People often have a preference among synonyms of the same word. For example, some may prefer "the police", while others may prefer "the cops". Analyzing such patterns can help to narrow down a speaker's identity, which is useful when validating, for example, whether it's still the same person behind an online avatar.

Now given a paragraph of text sampled from someone's speech, can you find the person's most commonly used word?

Input Specification:

Each input file contains one test case. For each case, there is one line of text no more than 1048576 characters in length, terminated by a carriage return \n. The input contains at least one alphanumerical character, i.e., one character from the set [0-9 A-Z a-z].

Output Specification:

For each test case, print in one line the most commonly occurring word in the input text, followed by a space and the number of times it has occurred in the input. If there are more than one such words, print the lexicographically smallest one. The word should be printed in all lower case.
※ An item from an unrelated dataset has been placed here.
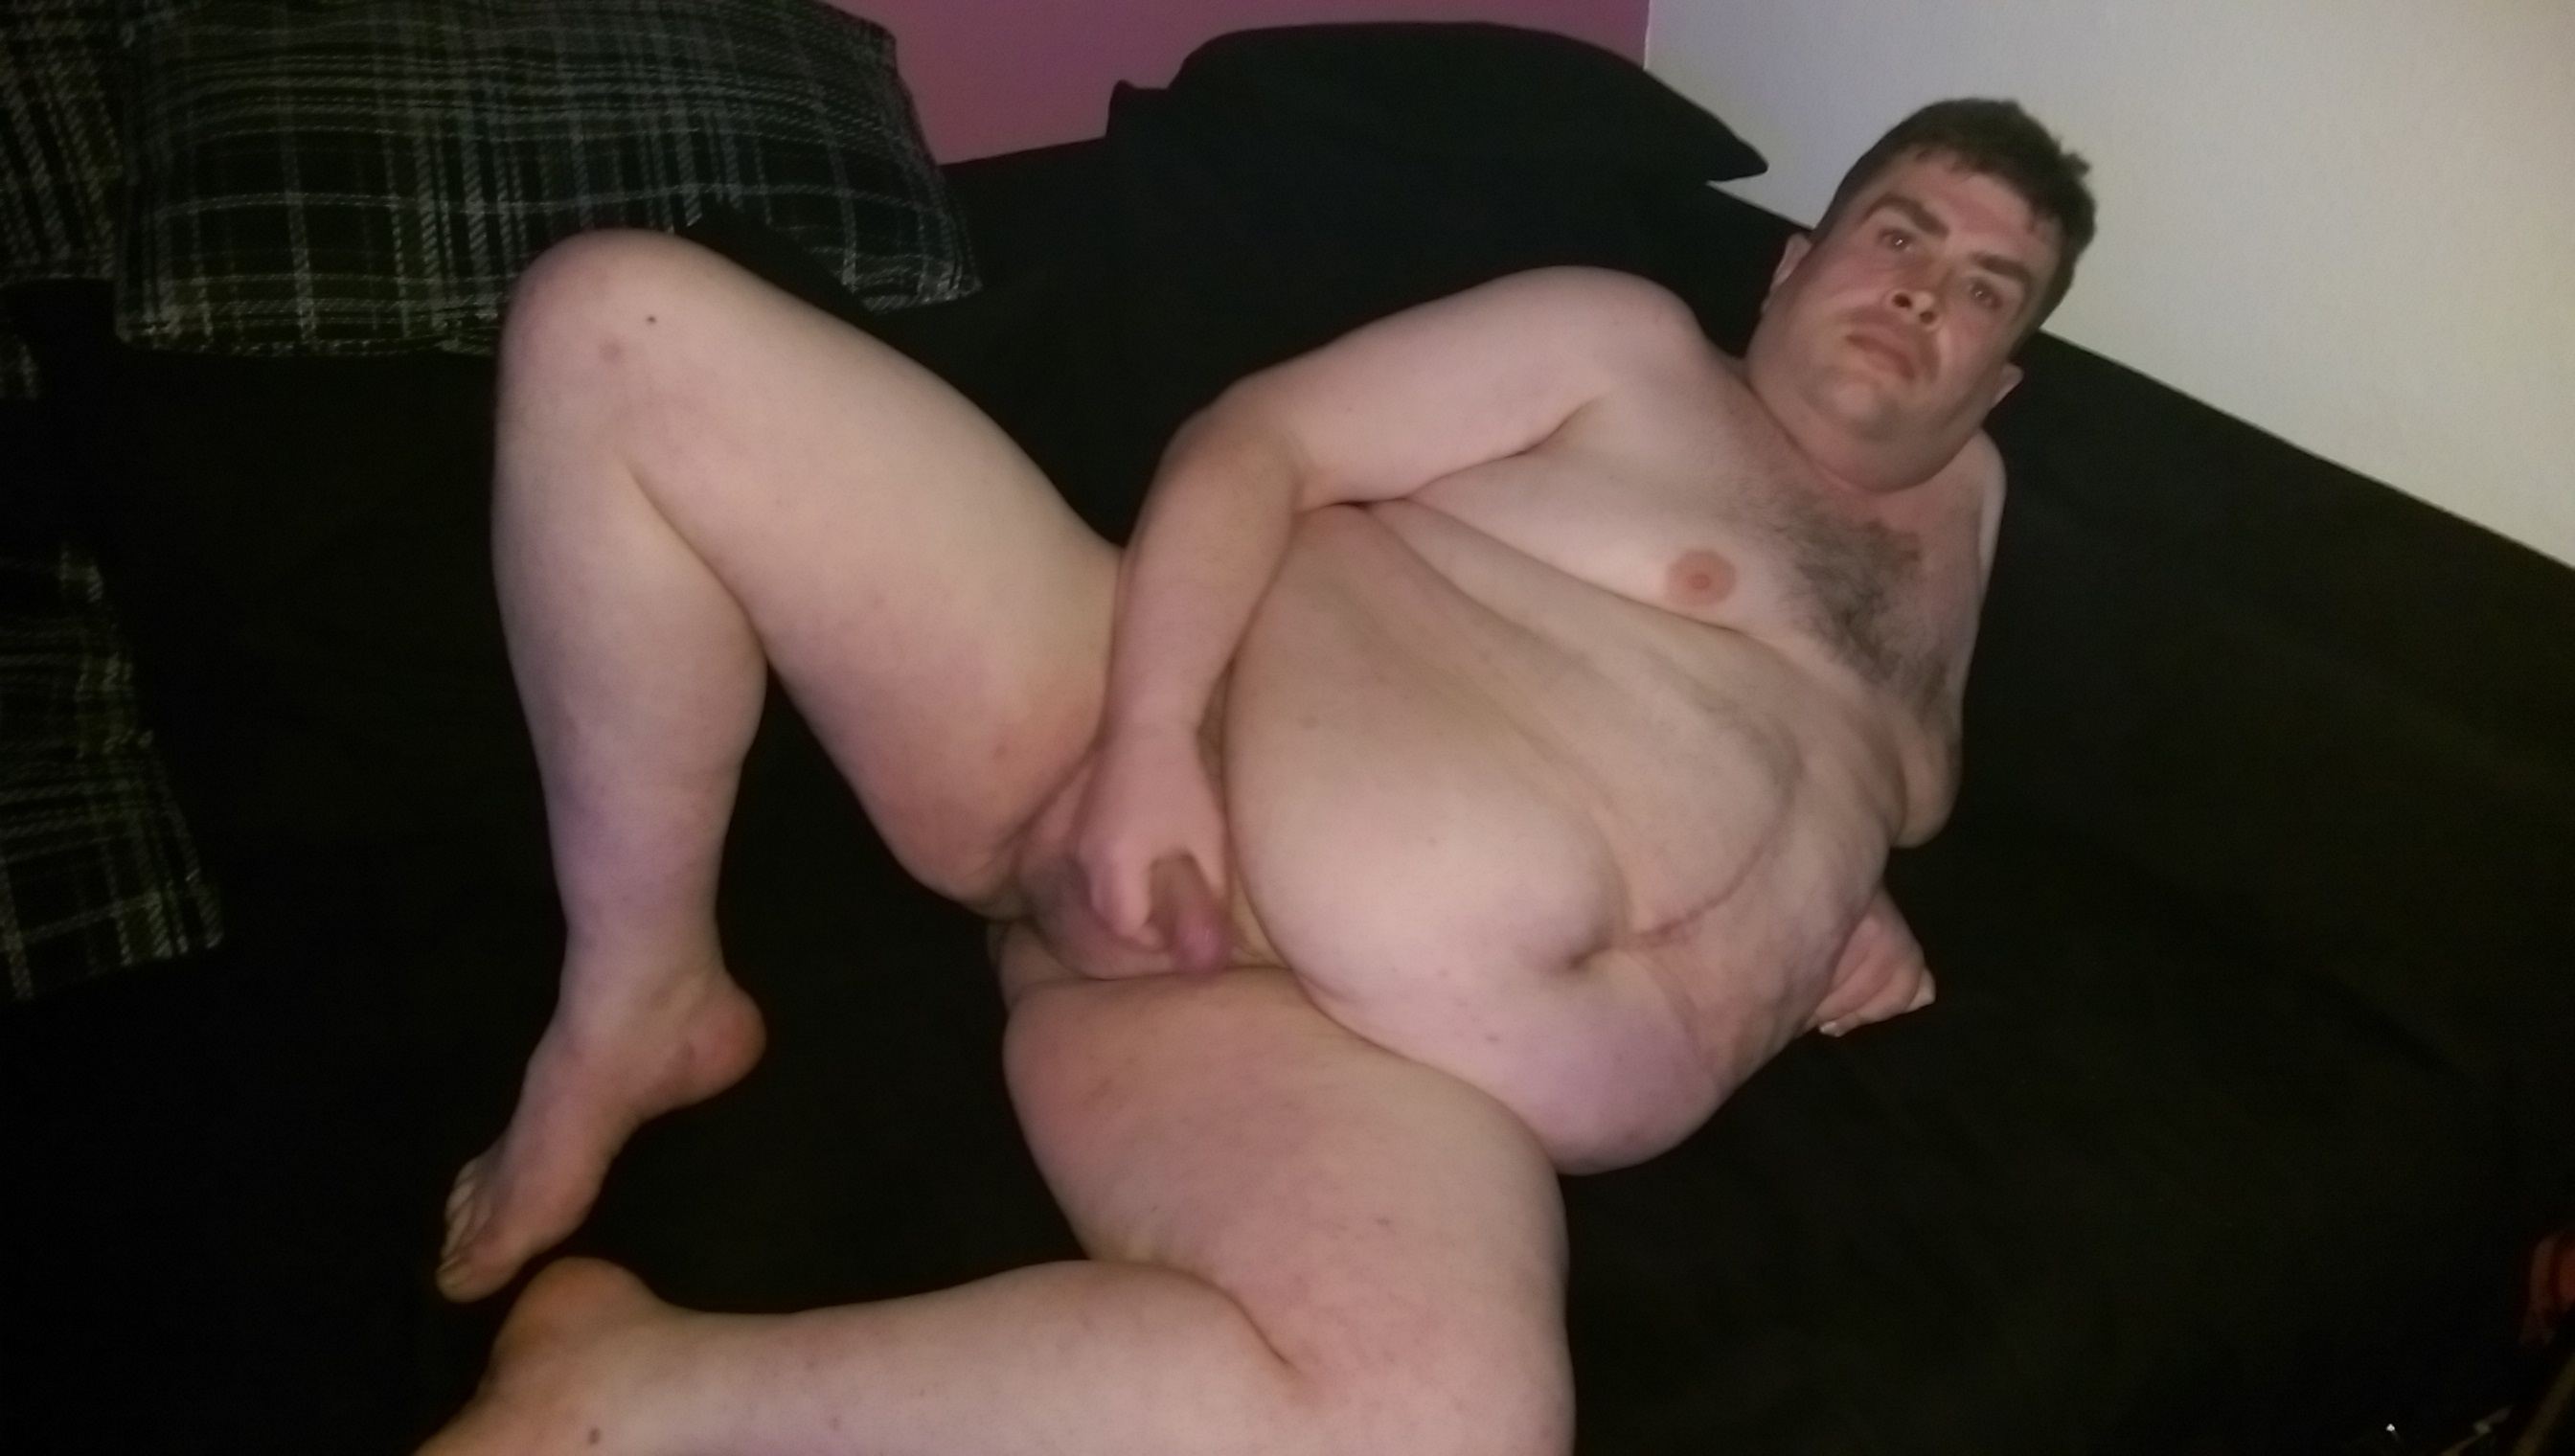 Amateur Chubby Male Porn adult chubby free picture porn xxx - xxxpicss

Here a "word" is defined as a continuous sequence of alphanumerical characters separated by non-alphanumerical characters or the line beginning/end.
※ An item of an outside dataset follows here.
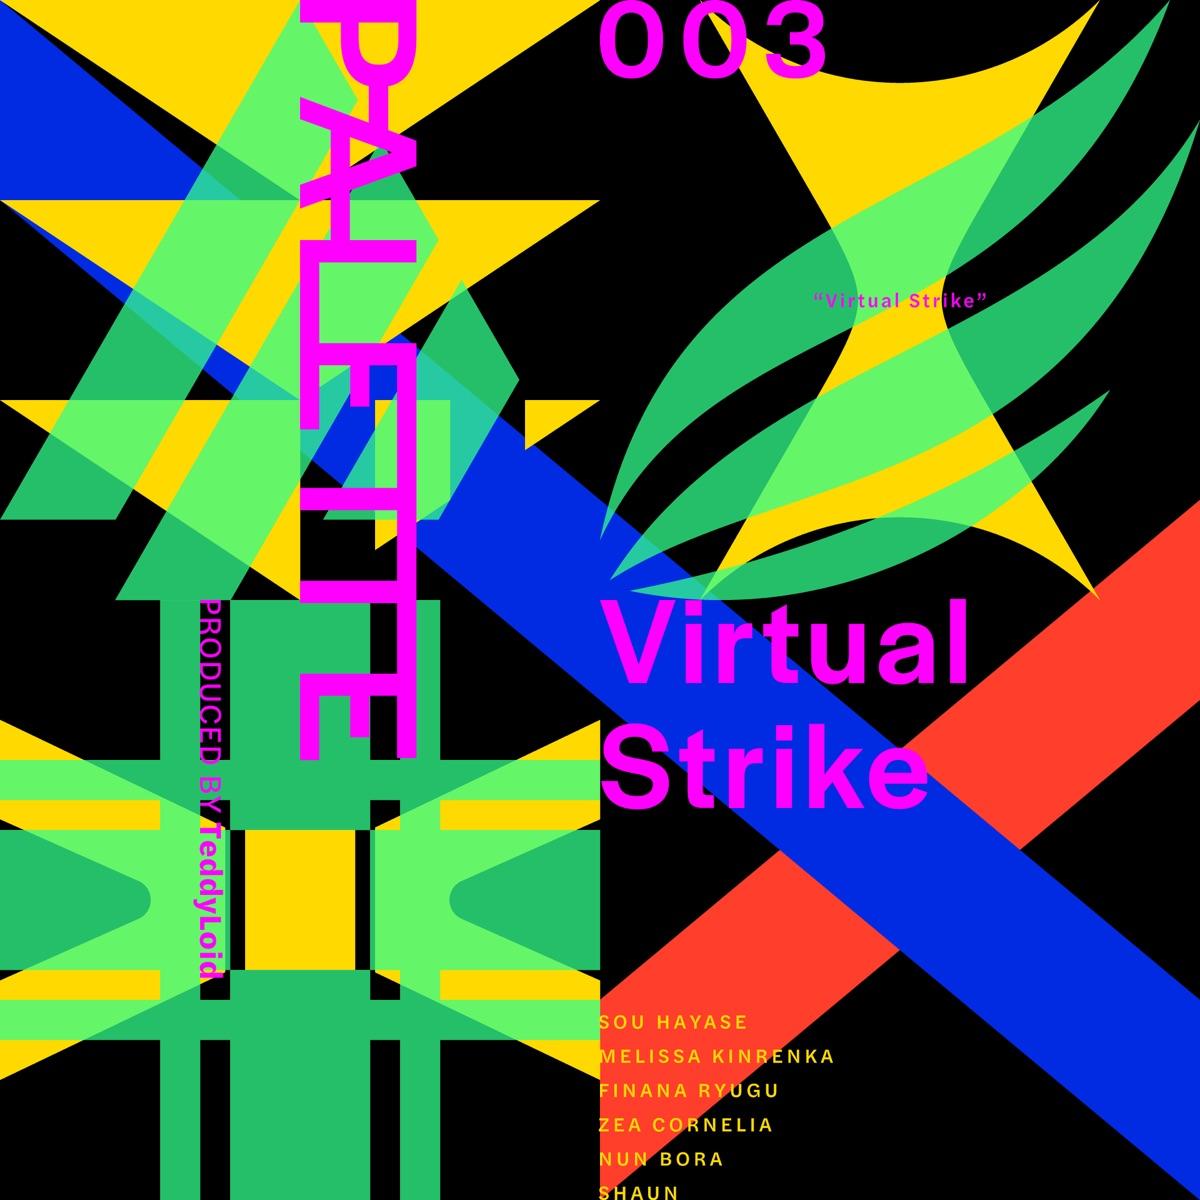 『NIJISANJI ID - Virtual Strike (Indonesian Ver.) feat. ZEA Cornelia』収録の『PALETTE 003 - Virtual Strike』ジャケット

Note that words are case insensitive.

Sample Input:

Can1: "Can a can can a can?  It can!"

Sample Output:

can 5

代码长度限制

16 KB

时间限制

300 ms

内存限制

64 MB

#include<bits/stdc++.h>
using namespace std;
string res;
map<string,int>mp;
int mcnt;
int main(){
    string s;
    getline(cin,s);
    for(int i=0;i<s.size();i++)//转为小写 
        if(s[i]>='A'&&s[i]<='Z')s[i]=s[i]+32;
    for(int i=0;i<s.size();i++){//取单词在对应哈希表位置加一 
        int j=i;
        string temp;
        while(s[j]>='a'&&s[j]<='z'||s[j]>='0'&&s[j]<='9')temp+=s[j++];//取出一个单词 
        if(temp.size())mp[temp]++;//是一个单词则在对应位置+1 
        if(mp[temp]>mcnt)mcnt=mp[temp];//若大于最大数字则更新最大数字 
        i=j;
    }
    int flag=0;
    for(auto it:mp){//遍历哈希表 
        if(!flag&&it.second==mcnt){//拿到第一个大小为最大值的单词 
            flag=1;
            res=it.first;
        }
        else if(it.second==mcnt&&it.first<res)res=it.first;//若超过第一次出现的单词出现字数也是最大的并且字典序小于当前记录的单词，则更新单词 
    }
    cout<<res<<' '<<mp[res];//输出 
    return 0;
}